Zawalone Wdrożenie Magento

Zawalone Wdrożenie Magento

Dzisiaj zajmiemy się tematem, który czasami niestety się pojawia. Szkoda, że się pojawia, ponieważ jest on związany z zawalonymi wdrożeniami Magento 2.

Odpowiemy sobie na pytanie jakie są symptomy zawalonego projektu, jakie są przyczyny nieudanych projektów, jak dokończyć wdrożenie oraz ile może kosztować dokończenie takiego zawalonego projektu na Magento 2.

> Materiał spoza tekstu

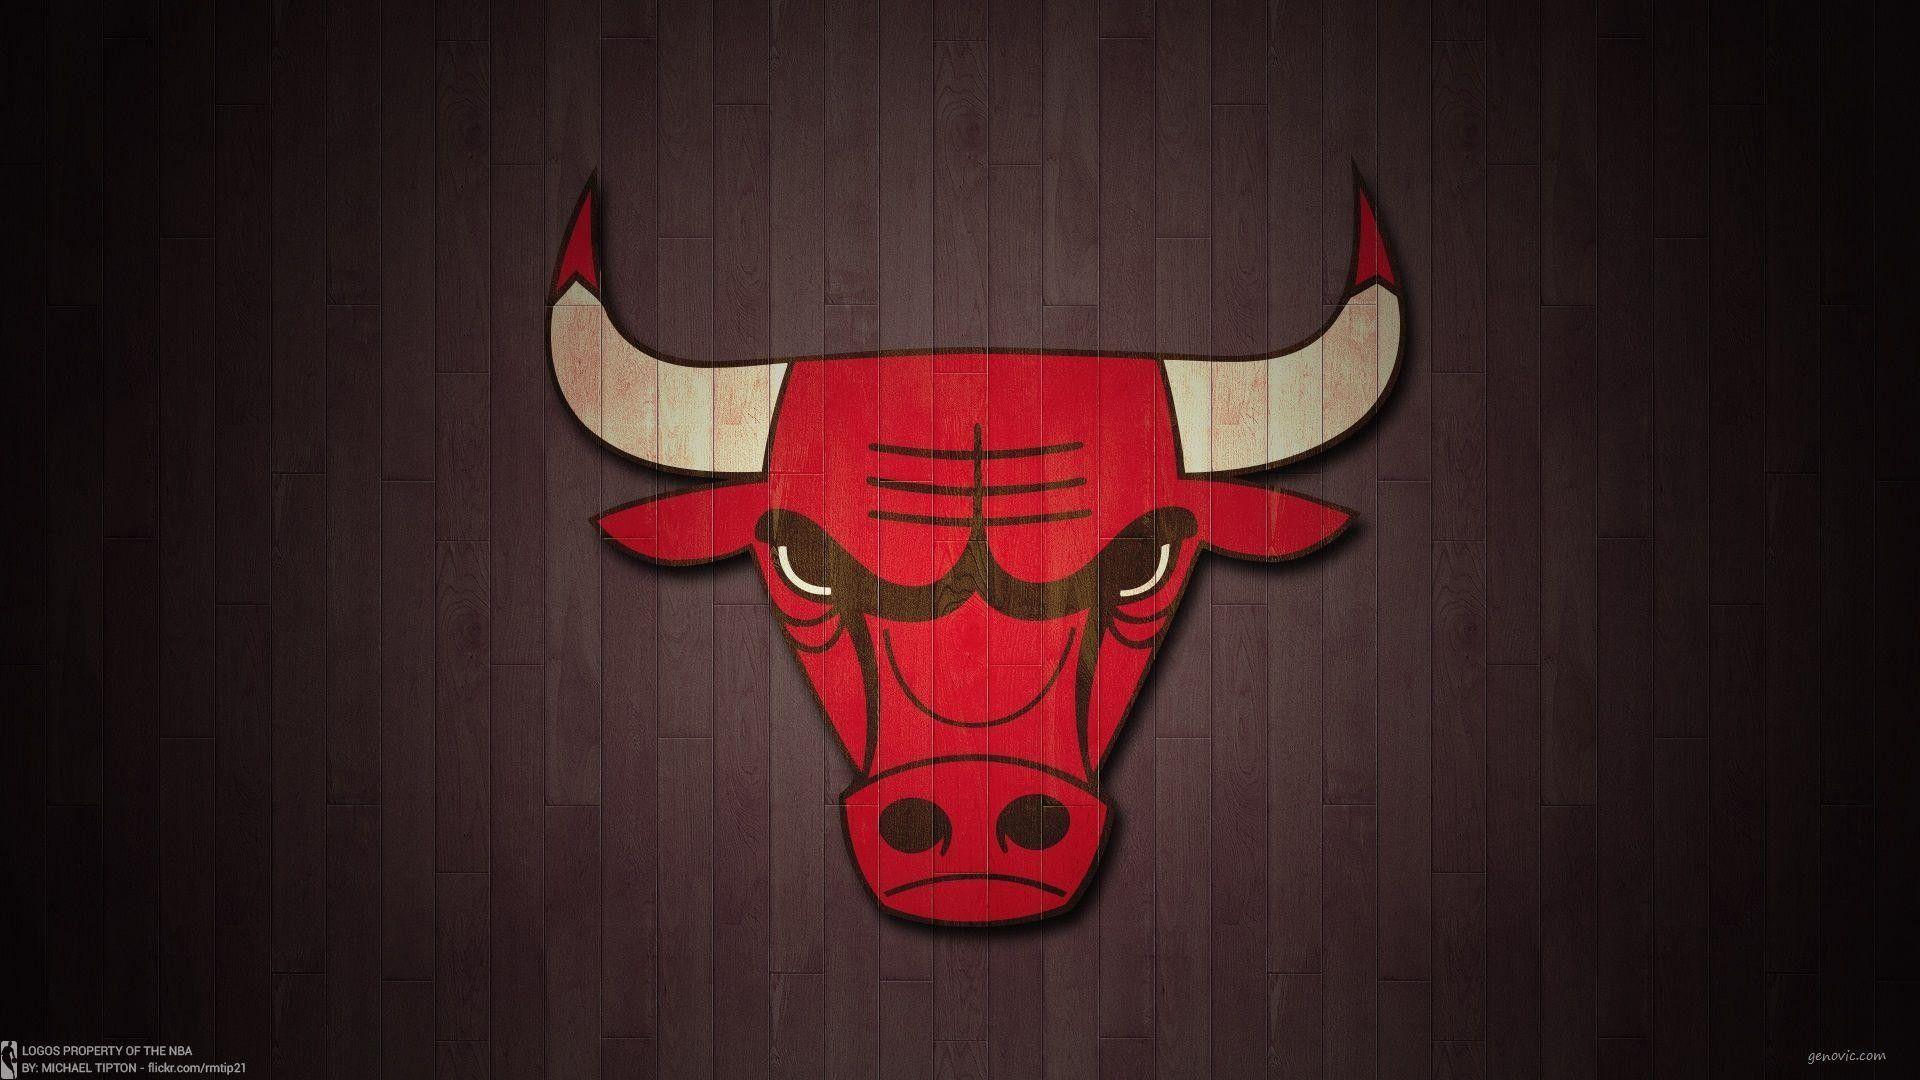 Bulls Logo Wallpapers - Top Free Bulls
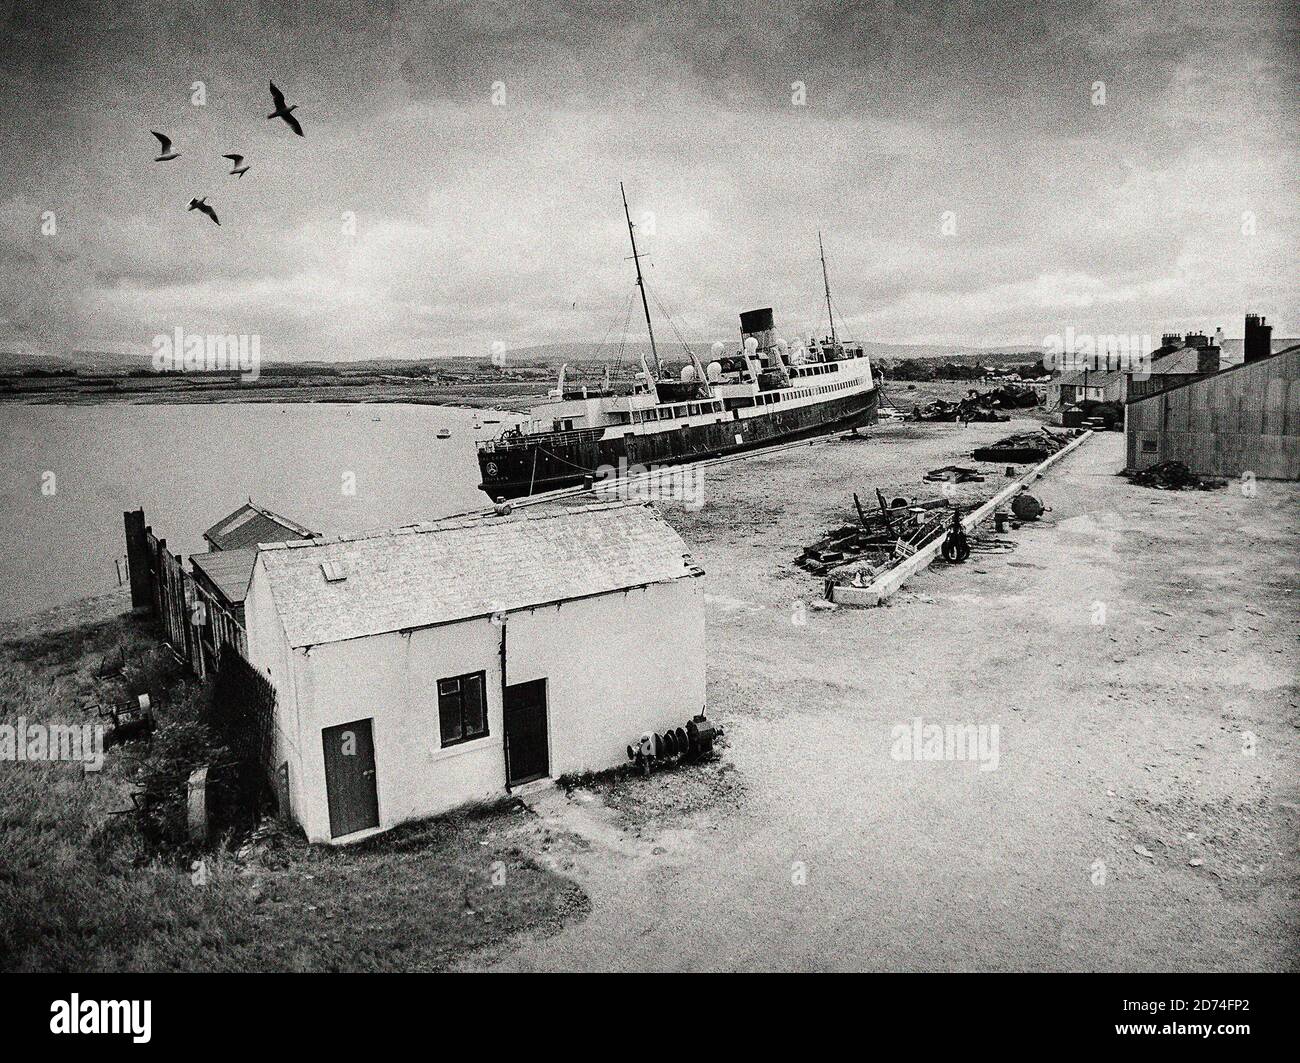 Fotografia d'epoca dal 1975 del Re Orry IV a Glasson Dock, Lancashire, Inghilterra. Costruita per l'Isle of Man Steam Packet Company nel 1946, ha fatto la sua traversata finale da Douglas nell'agosto 1975. Mentre era in attesa di scioglimento, la nave si staccò dal suo ormeggio durante una grave tempesta e si arenò nell'estuario delle Lune, venendo a riposare sulle pianure di fango. Rilocata nell'aprile 1976, è stata finalmente scomposta nel 1979. Foto Stock

Co znajdziesz w tym artykule?

Jak naprawić zawalone wdrożenie Magento?
Symptomy nieudanego wdrożenia Magento
Co zrobić gdy projekt idzie źle?
Najczęstsze przyczyny nieudanych wdrożeń Magento
Audyt – plan naprawczy zawalonego wdrożenia Magento
Kto powinien dokończyć zawalone wdrożenie Magento?
Zawalone Wdrożenie Magento – podsumowanie

Jak naprawić zawalone wdrożenie Magento?

Jeżeli dotarłeś do punktu, w którym współpraca z obecnym Software Housem nie układa Ci się, widzisz, że efekty ich pracy są takie sobie i nie spełniają Twoich oczekiwań, a na pewno nie spełniają początkowej wizji tego projektu, to po prostu nadszedł czas na to, żeby przeprowadzić audyt z jakąś zewnętrzną firmą, która specjalizuje się w Magento. Będzie mogła ona ocenić jak rzeczywiście zostało zakodowane to Magento, na jakim etapie jest projekt i wypracuje plan, który doprowadzi Cię do zakończenia tego projektu.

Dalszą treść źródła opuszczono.